I have an array of numbers, now I have to find sum of elements by generating all the possible subarrays of the given array and applying some conditions.
The condition is for each subarray get the minimum and also find the total of elements in it and multiply both (minimum * total). Finally, add all these multiplied values for all subarrays.
Here is the problem statement:
Find the sum of all possible sub-arrays using the below formula:
Sum(left, right) = (min of arr[i]) * (∑ arr[i]), where i ranges from
left to right.
Example:
Array = [2,3,2,1]
The sub arrays are: [start_index, end_index]
[0,0] subarray = [2], min is 2 and total of items = 2. min * total = 2*2=4
[0,1] subarray = [2,3], min is 2 and total of items = 5. min * total = 2*5=10
[0,2] subarray = [2,3,2], min is 2 and total of items = 7. min * total = 2*7=14
[0,3] subarray = [2,3,2,1], min is 1 and total of items = 8. min * total = 1*8=8
[1,1] subarray = [3], min is 3 and total of items = 3. min * total = 3*3 = 9
[1,2] subarray = [3,2], min is 2 and total of items = 5. min * total = 2*5 = 10
[1,3] subarray = [3,2,1], min is 1 and total of items = 6. min * total = 1*6 = 6
[2,2] subarray = [2], min is 2 and total of items = 2. min * total = 2*2 = 4
[2,3] subarray = [2,1], min is 1 and total of items = 3. min * total = 1*3 = 3
[3,3] subarray = [1], min is 1 and total of items = 1. min * total = 1*1 = 1
Total = 4 + 10 + 14 + 8 + 9 + 10+ 6 + 4 + 3 + 1 = 69
So the answer is 69 in this case.
Constraints:
Each array element is in range 1 to 10^9. Array size 1 to 10^5. Return response in modulo 10^9+7
This is the code I tried.
public static int process(List<Integer> list) {
int n = list.size();
int mod = 7 + 1000_000_000;
long result = 0;
for (int i = 0; i < n; i++) {
long total = 0;
int min = list.get(i);
for (int j = i; j < n; j++) {
int p = list.get(j);
total = (total + p) % mod;
min = Math.min(min, p);
result = (result + (min * total) % mod) % mod;
}
}
return (int) result;
}
I want to reduce the time complexity of this algorithm?
What can be a better approach to solve this task?
Update:
David Eisenstat has given a great answer, but Im finding it to difficult to understand and come with a Java program, can someone provide a java solution for the approach or provide a pseudo code so i can come up with a program.
As user1984 observes, we can't achieve o(n²) by doing constant work for each sub-array. Here's how we get to O(n).

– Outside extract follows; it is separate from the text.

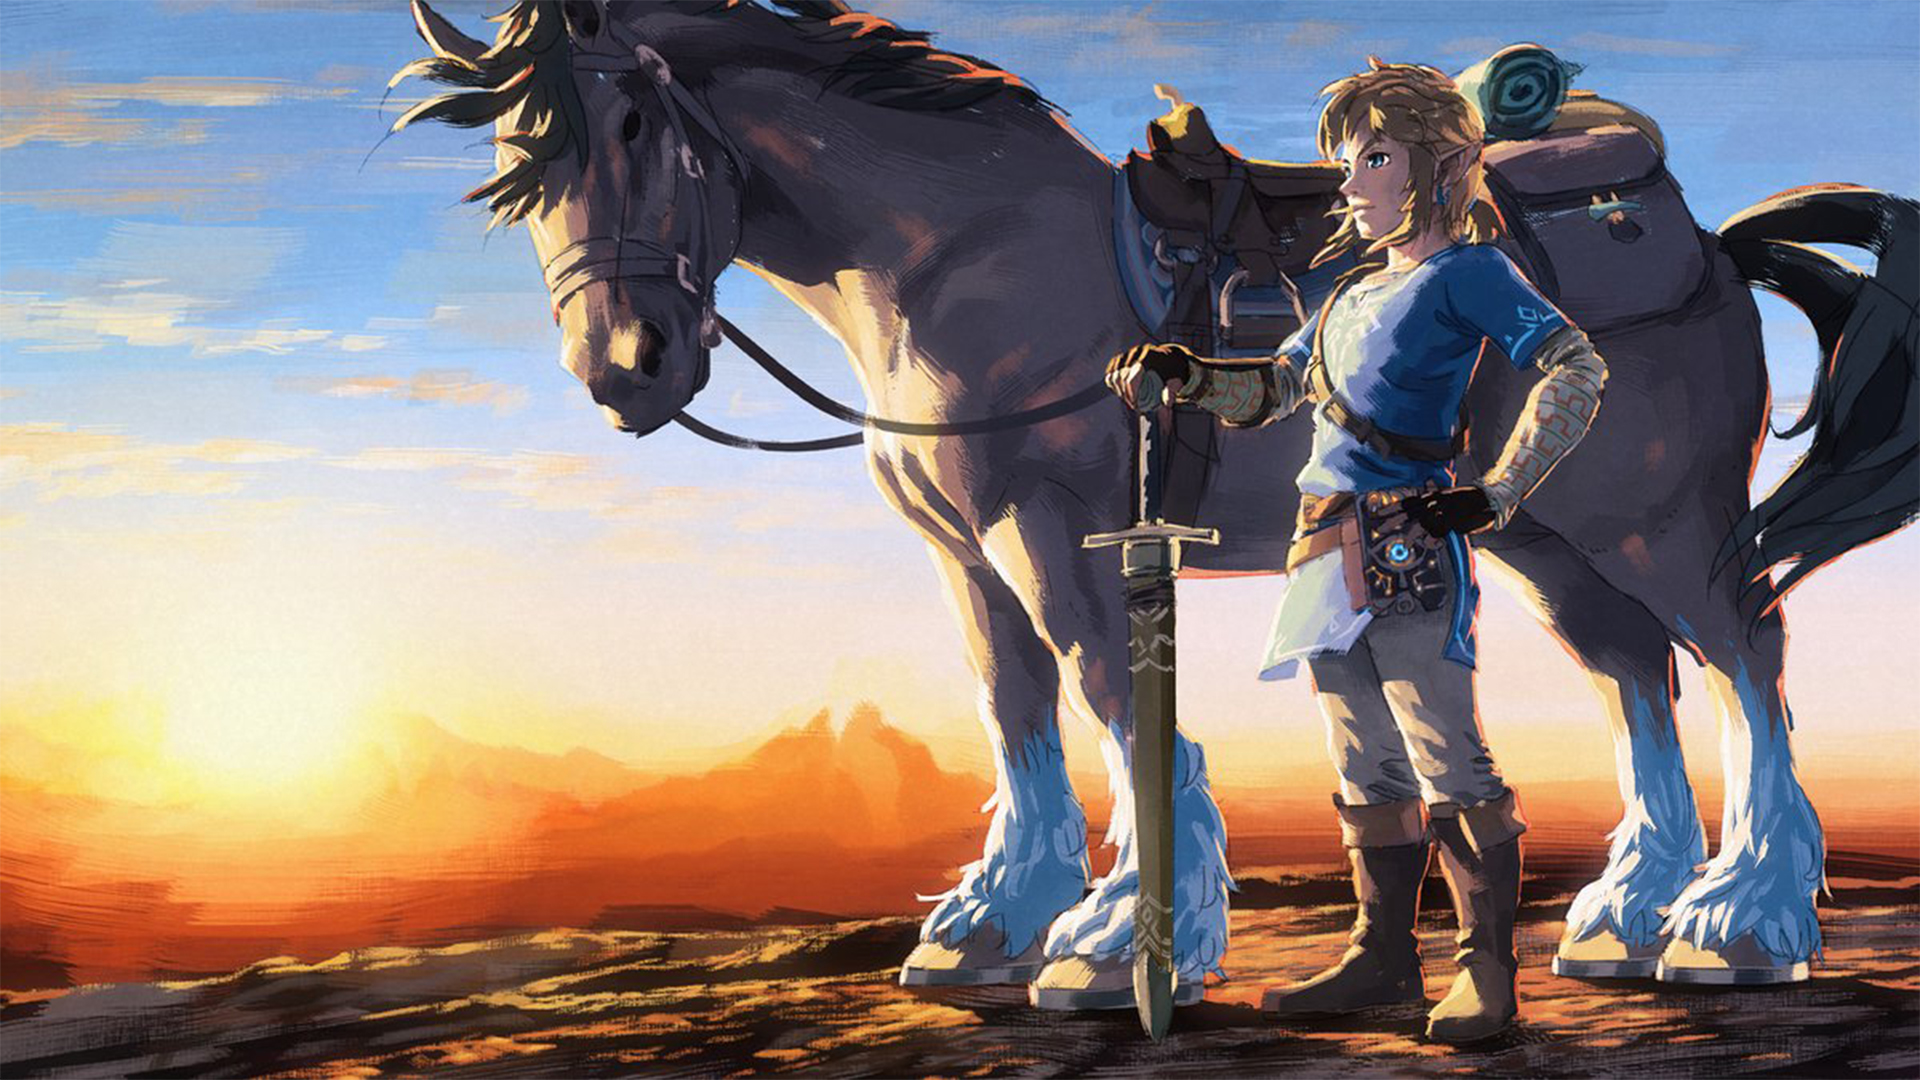 Nintendo releases new Breath of the Wild artwork | Nintendo Wire
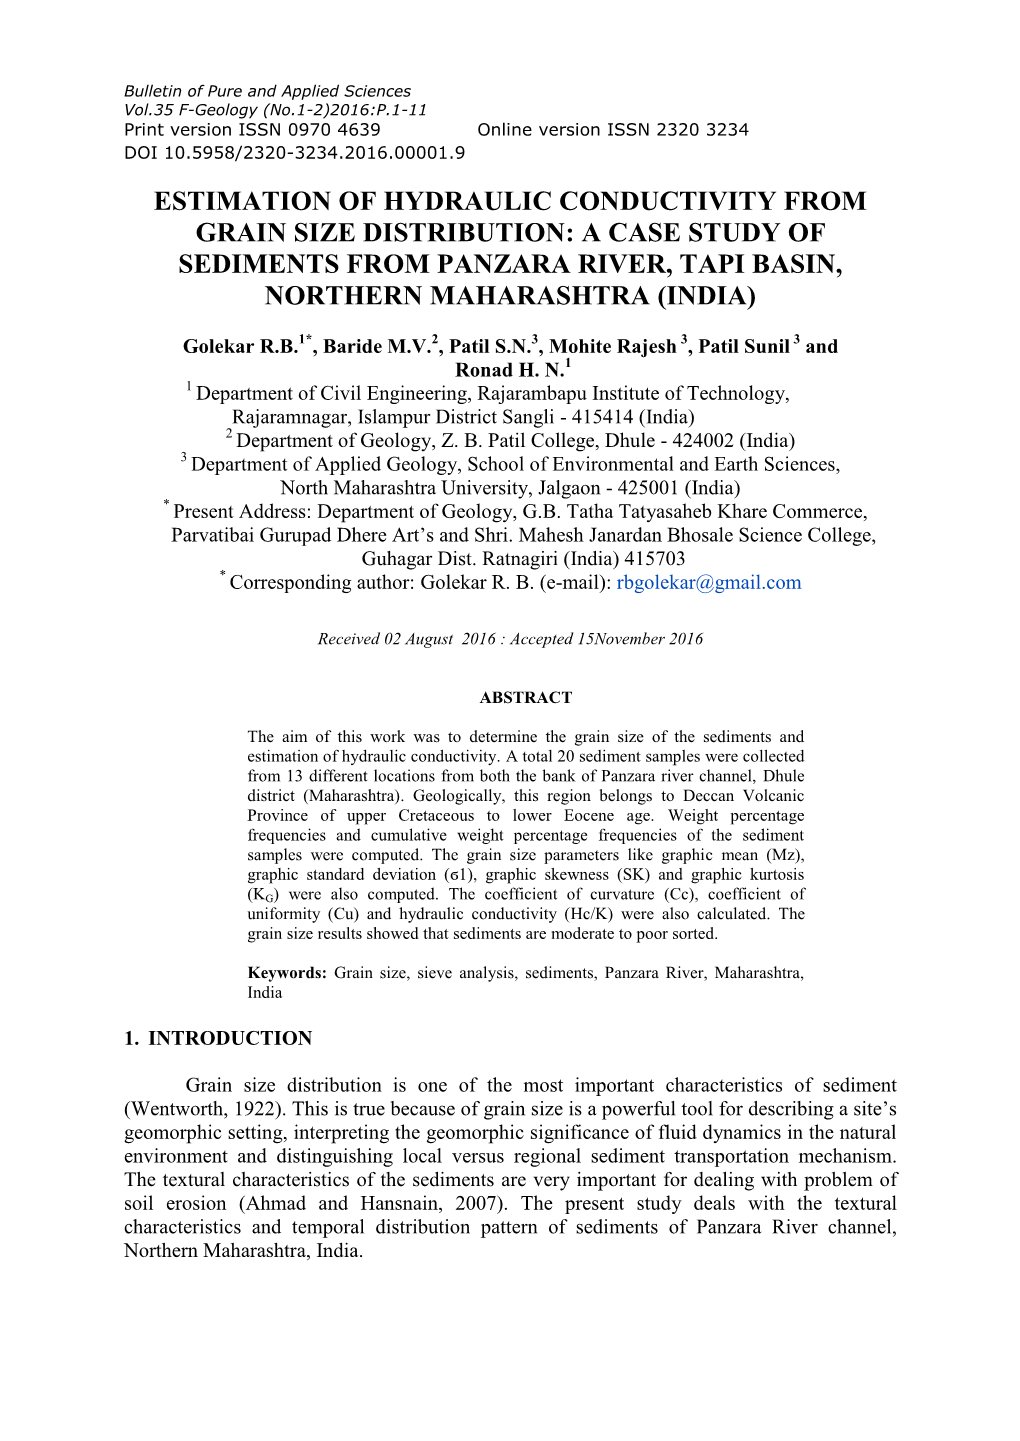 Estimation of Hydraulic Conductivity from Grain Size Distribution: a Case Study of Sediments from Panzara River, Tapi Basin, Northern Maharashtra (India)

The sub-array minimum is the hardest factor to deal with, so we factor it out. Assume that the elements are pairwise distinct to avoid double counting in the math below (the code won't change). Letting A range over sub-arrays and x over elements,
sum_{A} [(sum_{y in A} y) (min A)] =
sum_{x} [x sum_{A such that min(A) = x} (sum_{y in A} y)].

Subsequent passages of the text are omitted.